What are the causes of speech impairment in patients with cerebral thrombosis?
Generally, patients with cerebral thrombosis may experience speech difficulties due to ischemic injury to the language center, blocked neural conduction pathways, brain tissue edema and compression, restricted movement of articulatory organs, or concurrent cerebral vasospasm. It is recommended to seek timely medical attention, identify the underlying cause, and undergo symptomatic treatment under a doctor's guidance. Detailed explanations are as follows:
1. Ischemic injury to the language center: Cerebral thrombosis blocks blood vessels supplying the language center, leading to ischemia and necrosis of brain tissue and impairing the abilities of speech production and comprehension, manifesting as slurred speech and difficulty expressing thoughts. Early initiation of speech rehabilitation training is recommended, including articulation exercises, repetition of short sentences, and acupuncture stimulation of language-related acupoints.
2. Blocked neural conduction pathways: Thrombosis interrupts neural connections between the language center and other brain regions, causing disrupted signal transmission and resulting in speech difficulties, often accompanied by impaired limb movement. Under a doctor's guidance, limb function training should be combined with speech therapy, such as picture description and sentence repetition, to promote neural pathway reconstruction.
3. Brain tissue edema and compression: Localized brain edema following thrombus formation enlarges the lesion and compresses the language function area, worsening speech impairment, and may be accompanied by headache and vomiting.

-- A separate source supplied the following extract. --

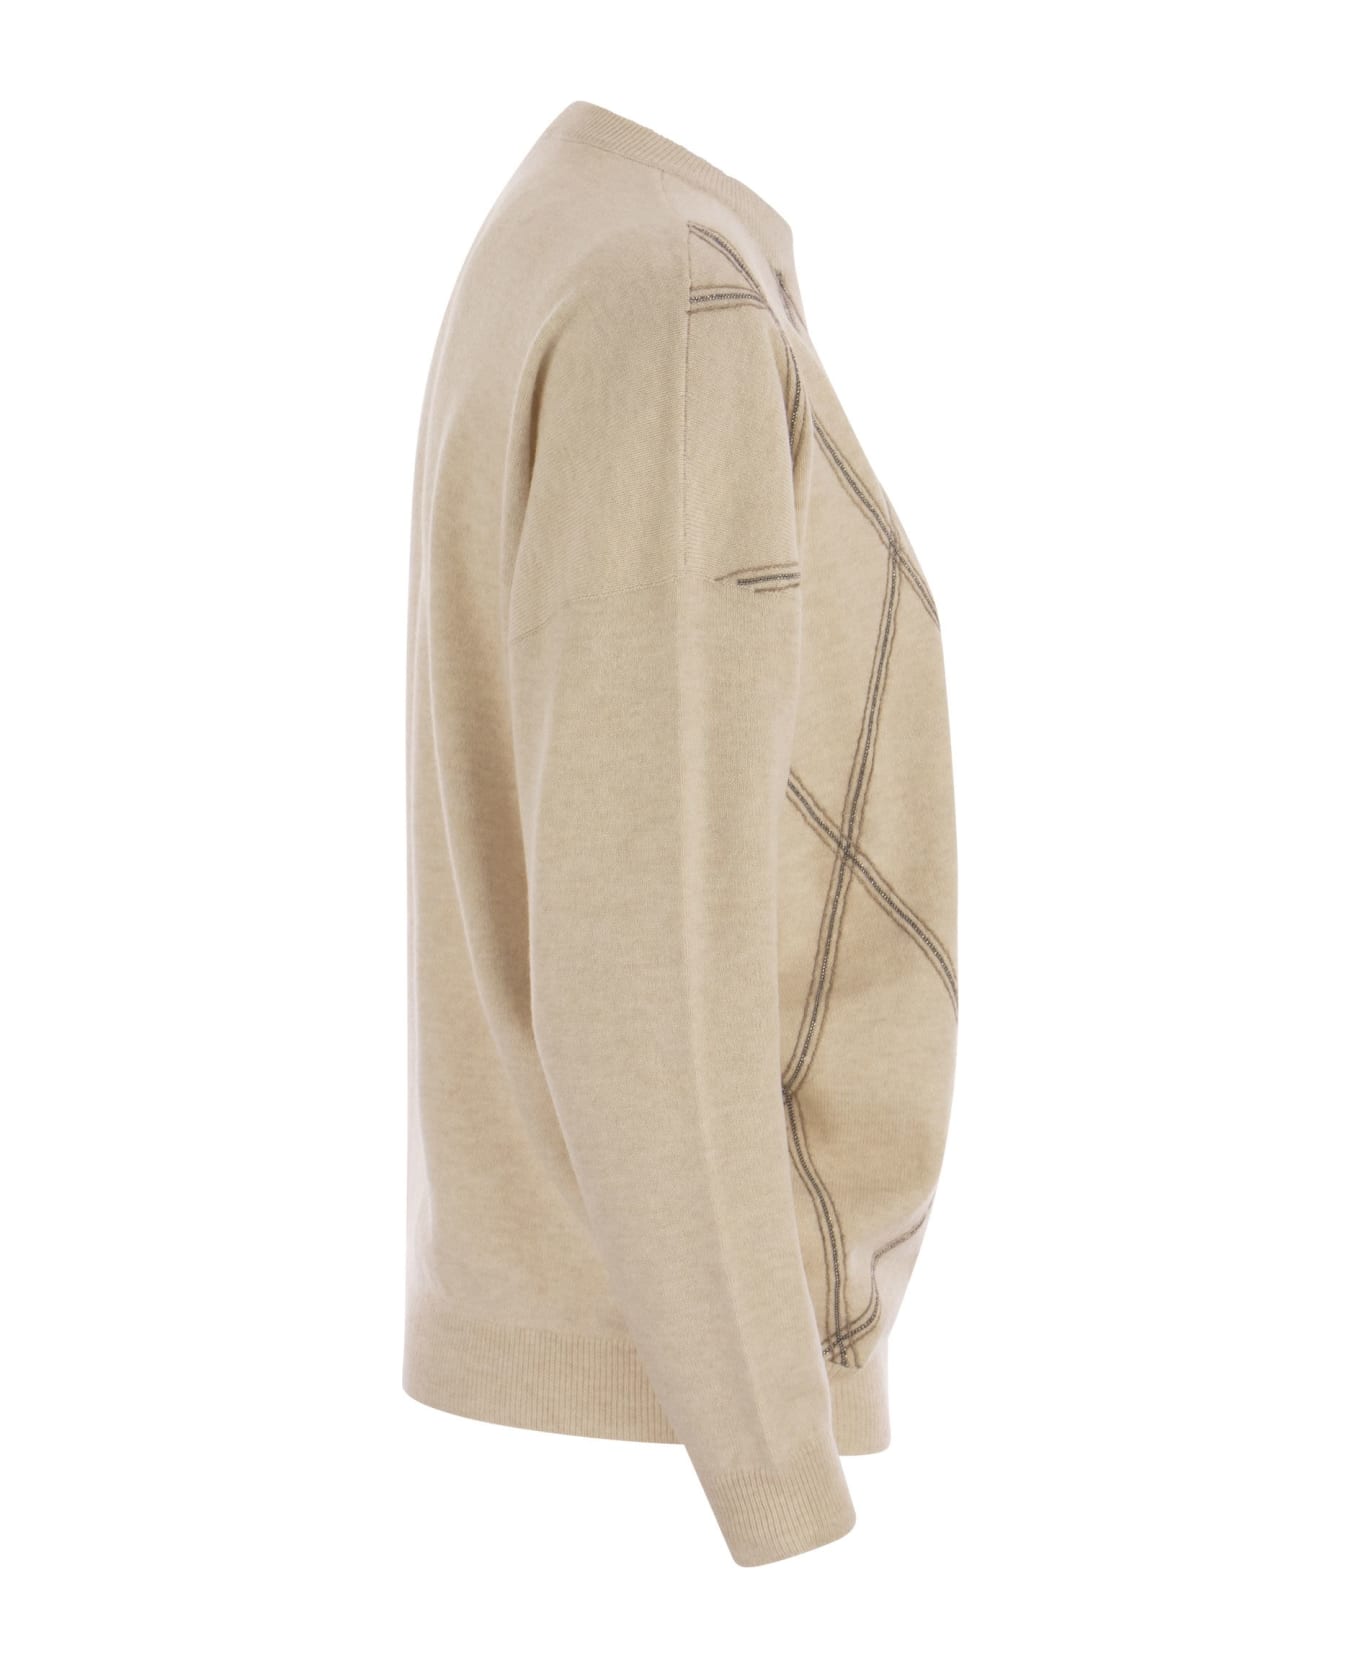 Brunello Cucinelli Crewneck Sweater In Fine Wool, Cashmere And Silk With Diamond Pattern - Sand

Strict bed rest is required, with avoidance of emotional agitation. Follow medical advice to use medications such as mannitol injection, glycerol fructose injection, and furosemide injection to reduce edema, thus creating favorable conditions for neurological recovery.
4. Restricted movement of articulatory organs: Cerebral thrombosis may affect nerves controlling the lips and tongue, causing reduced articulatory flexibility and resulting in speech difficulties along with drooling. Oral motor exercises such as puffing cheeks, extending the tongue, and whistling should be performed to improve articulatory coordination, combined with electrical stimulation therapy to promote muscle function recovery.
5. Concurrent cerebral vasospasm: Persistent cerebral vasospasm following cerebral thrombosis exacerbates cerebral ischemia, affecting blood supply to the language areas and causing recurrent speech difficulties. Patients should follow medical advice to use medications such as nimodipine tablets, fasudil hydrochloride injection, and ginkgo biloba extract injection to relieve vasospasm and improve cerebral blood supply. Cerebral vascular interventional procedures may be necessary to expand blood vessels and restore blood flow.
Family members should provide a quiet communication environment for the patient, encouraging gradual speech practice starting from single characters and words to progressively enhance language ability. Additionally, maintain a light diet and consume more protein- and vitamin-rich foods such as eggs and vegetables to support nerve tissue repair.